Павел Михайлович подошел к шкафу с книгами, достал том в красной обложке, быстро нашел нужное место и негромко, четко выделил каждое слово:
— «…Даже открытие дифференциального и интегрального исчислений невозможно было бы без фантазии. Фантазия есть качество наибольшей ценности…»
— Сдаюсь, сдаюсь! — поднял вверх обе руки Чепуренко.
Чабану и Слободенюк засмеялись.
— Вы, Павел Михайлович, серьезный оппонент, — уже с уважением промолвил Чепуренко. Голос его стал мягче. — С вами нелегко спорить. Памятью, памятью берете…
— Павел Михайлович правдой берет, истиной. Память немного ниже стоит, — поправил Иона, который терпеть не мог неточности в определениях.
— Это само собой, — великодушно согласился Чепуренко.
— Вы, может, познакомите меня со своими планами? — обратился Павел Михайлович к мелиоратору, стараясь уменьшить трения между ним и Ионой.
— Миссия наша очень скромная: мелиоративное общество послало нас открыть новую землю.
— Колумбы! — не выдержал Чабану, и складки насмешливо задрожали у рта.
— Сейчас наше мелиоративное общество, — невозмутимо продолжал Чепуренко, — не имеет соответствующих средств, и оно хочет, чтобы мы у вас провели одну операцию так, как в пьесе сказано: хитро, мудро и недорого.
— Государству дорога каждая копейка. И если мудрость поможет сэкономить средства — это хорошая мудрость. Что же вы придумали?
— Есть у вас такая круглая площадь — четыре квадратных километра, которую легко осушить.
— Что-то не припоминаю такого болота или поймы, — подошел Павел Михайлович к большой карте района.
— Это не болото, а… ставок.
— Вы что?.. Шутите? — Павел Михайлович повернулся от карты, застыл на месте, собранный и суровый.
— Чего нам жалеть это вечное украшение дворянско-помещичьего пейзажа? Мы быстро спустим воду… — но, взглянув на Павла Михайловича, осекся и, уже смущаясь, прибавил: — Об этом и в обществе говорилось.
— Специалистами?
— Специалистами.
— И сердце ваше тогда ровно билось? — металлически падает взволнованное и возмущенное слово. — Вы в будущее или в черное прошлое заглянули тогда?
— Я не понимаю, к чему это…
— Так мы понимаем, к чему, — вставил Иона.
Чепуренко нервно зажал бородку в кулак; на его лице, как ветряные лишаи, выступили кружочки пятен.
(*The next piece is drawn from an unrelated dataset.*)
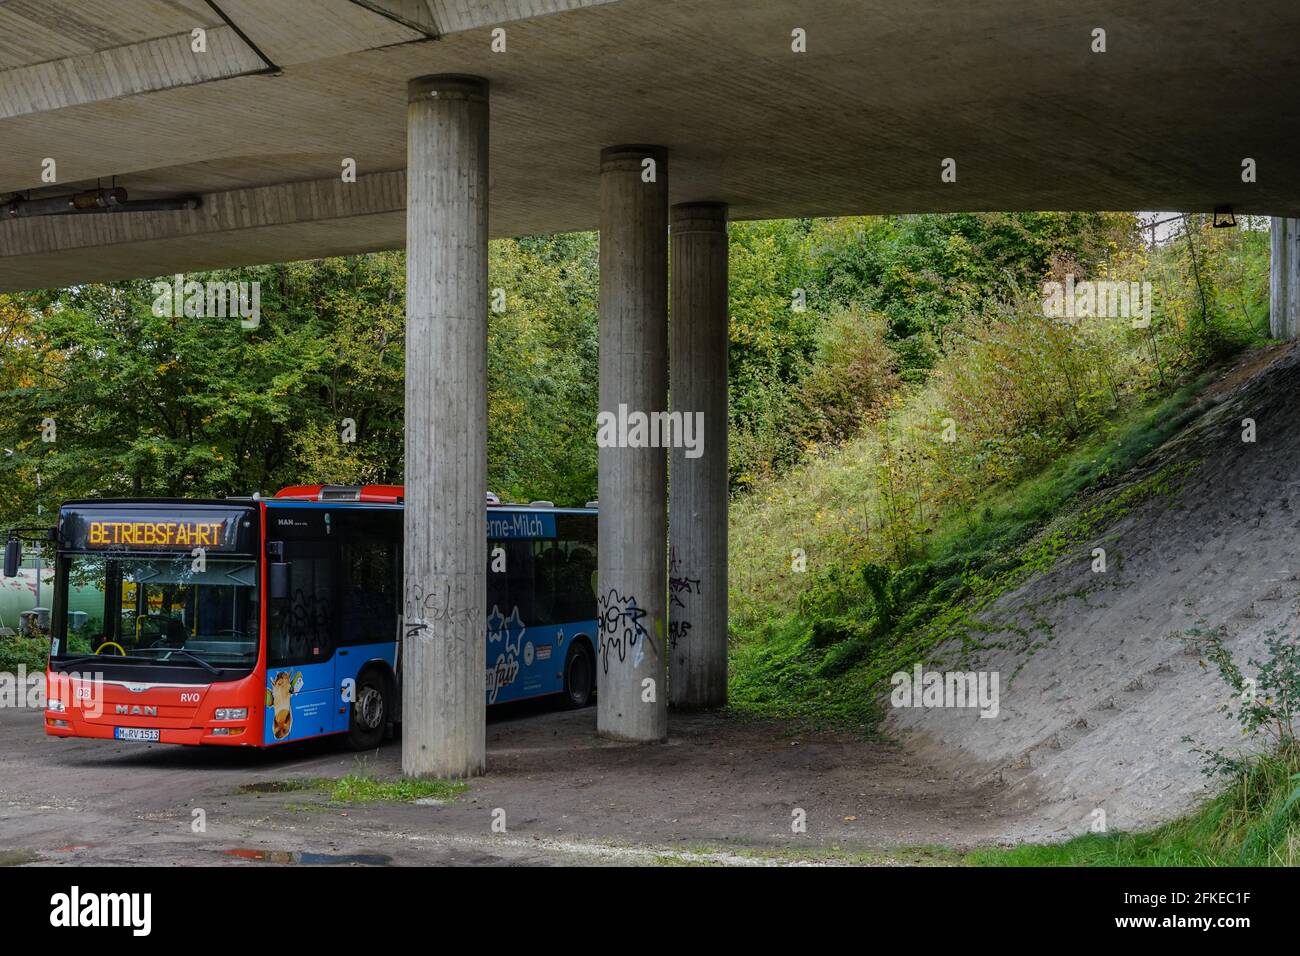 Parked passenger bus under a large concrete bridge. Stock Photo

— Я честно служу в своем учреждении.
— Не видим. Вы знаете, что означает спустить пруды? Это означает на нашем языке — вредительство. Вы с этим согласны? — обратился Павел Михайлович к Слободенюку.
— Согласен, Павел Михайлович, — заволновался юноша. Румянец плеснулся через все его лицо.
— Вы член партии?
— Комсомолец.
— За чем же вы в своем учреждении смотрите?
— Я только в этом году окончил гидромелиоративный институт. Недавно поступил на работу.
— Вы тоже недавно работаете? — хмурясь, обратился к Чепуренко.
— Нет, у меня стаж.
— И солидный?
— Солидный, — невольный вздох вырвался из груди Чепуренко. Теперь все его самоуверенное превосходство разбрызгалось до последней капли. Лицо стало задумчивым и лучшим. — О вашем ставке я пробовал спорить, но…
— Побоялись пойти на конфликт? — Павел Михайлович дольше остановил взгляд на массивной голове Чепуренко. Шевельнулось сравнение: «У него и дела построены как лицо — сначала широко размахнется, а потом сузится, как клин бородки».
— Побоялся, — чистосердечно признался. — Я человек не молодой, отягощенный семьей. Место не очень хочется менять.
— Значит, закон вашей жизни — теплое место, мир и гнилая тишина?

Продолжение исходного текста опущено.